“Rest and Vest” might just be the worst-kept secret in Silicon Valley. Also known as “coasters”, these are institutional employees, usually senior engineers at big tech companies like Google and Facebook/Meta, who are easy going and hang around on corporate rooftops shooting the breeze with their mates. collecting a 7 figure salary and an even healthier stock.
The narrative of Fat Cat technology gained comic notoriety when HBO’s “Silicon Valley” made a bit of it. In the show, Nelson “Big Head” Bighetti gets promoted at tech giant Hooli, the fictional company inspired by Google. Bighetti has not been assigned any projects and instead chooses to waste his days with his colleagues, getting rich while doing nothing.
How rest and the female gender became a thing
It’s not just fiction. Reports and interviews with real, actual coasters like Google, Meta, and Microsoft say it happens more often than you think. “My days would start at 11 and I’d have big lunches,” laughed one former Googler.
It’s happening, others say, because tech behemoths can afford it — at least until now. With bottomless pockets, these organizations were able to hire or promote the hot shots in emerging fields like artificial intelligence and quantum computing, and not expect them to work the normal 40+ hours. It’s a “defensive measure” because you prefer to keep top talent, even if it means they don’t hold up their end of the deal.
Coasters will not coast
Google was the place for resters-and-vesters. But it sounds like it will come to an end. At Vox Media’s code conference last week, Pichai revisited Google’s plan to find efficiencies where it can, citing its plan for a “simplicity sprint” and even discussing a possible headcount reduction of up to 20 percent.
With recessions and inflationary pressures looming, there is growing concern about slower growth and intense competition. At the conference, Pichai talked about TikTok and other entrants into the Chinese market. Things they didn’t have to think about two years ago are suddenly real issues for the big guns.

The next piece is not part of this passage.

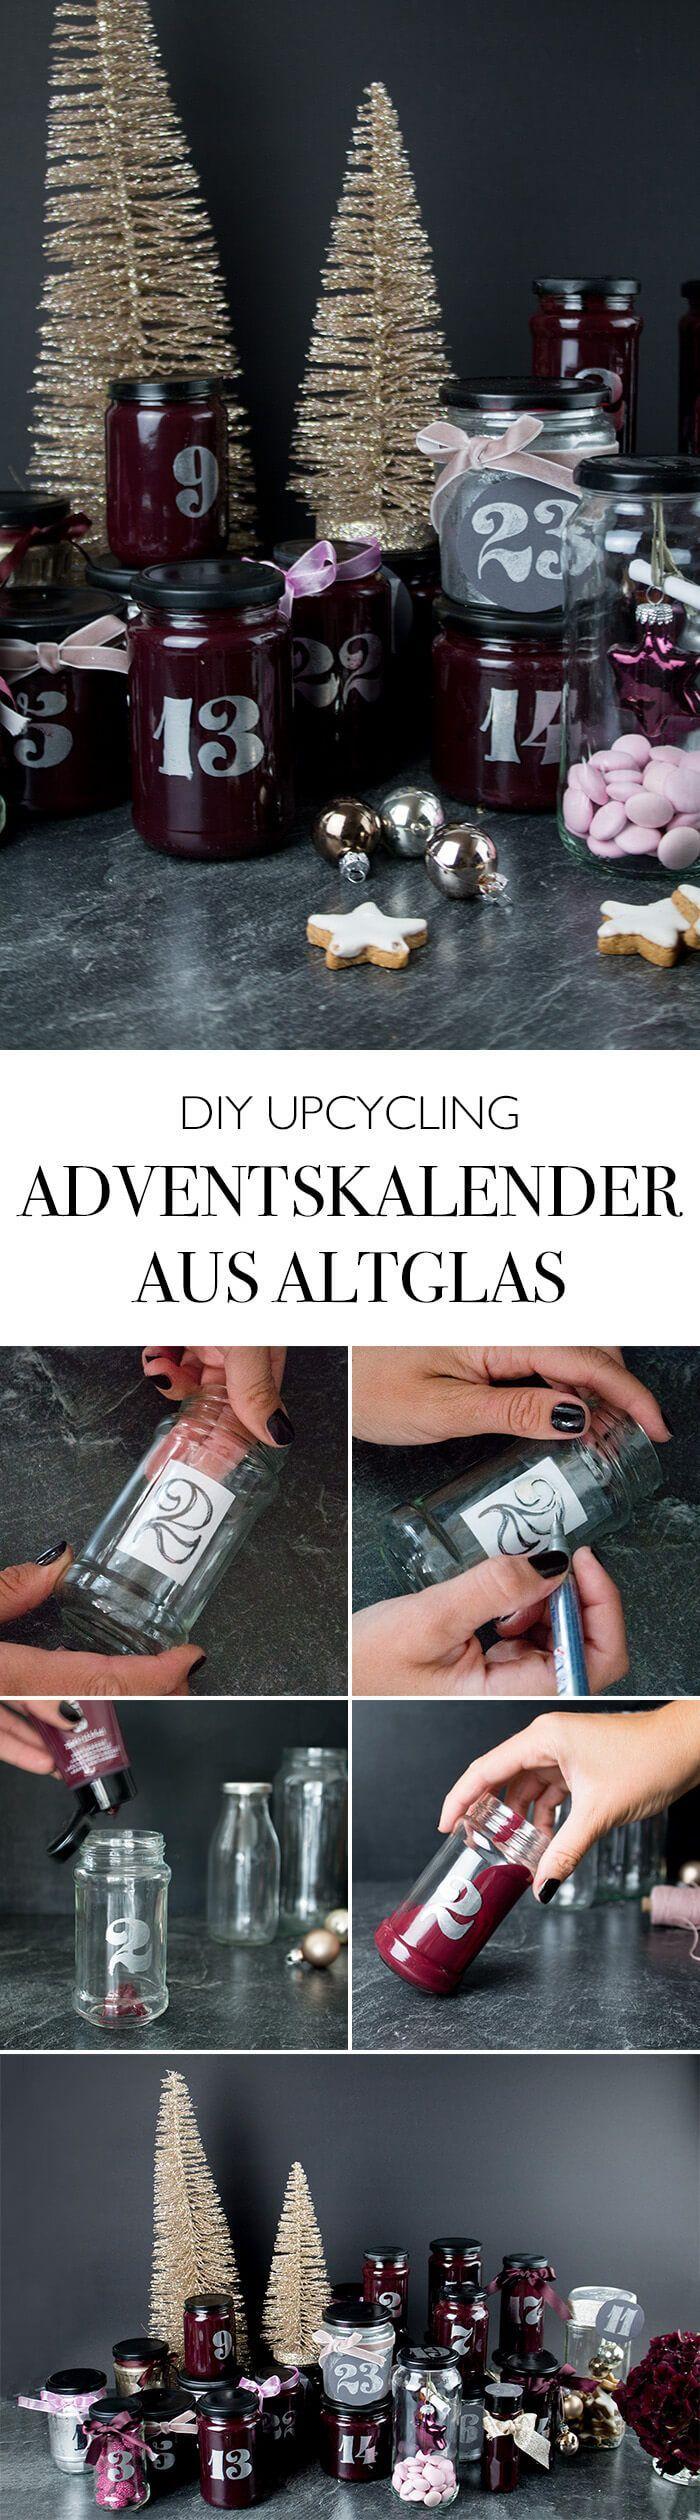 Adventskalender aus Altglas basteln – Weihnachten DIY Deko Blog #gemütliche Hä…

There will be a number of solutions put in place to find efficiencies and address this financial center of the city. One approach might simply be a concerted effort to uncover the rest-and-vesters and appeal to them. Or get rid of them altogether.
How will employees react?
But I say, easier said than done. Pichai and other senior leaders should proceed with caution. People with a militarized productivity tracking system could easily backfire. People don’t like to be measured and monitored so intensely, especially when their work is knowledge-based. They do not create widgets. They create ideas.
The devil is in the details of the messages. Change must be framed in two ways. First, it’s about fairness and leveling the playing field. Equity is now part of any good D&I strategy. Reminding a person that their derogatory contribution is unequal can motivate them to pull their weight. We have a deep aversion to being perceived by others as a fraud or a renegade.
Second, it’s about belonging, also a piece of the D&I puzzle. We are human at the end of the day. No man wants to be a social outcast, even the one who is talented. Contributing, belonging, building alongside your fellow creators – this can be a powerful motivator to get people involved more evenly.
Google and others will have their work cut out for them in creating a new norm for what it means to work for such an organization. In the end, it’s probably a good thing that the secret of rest and possession has been revealed.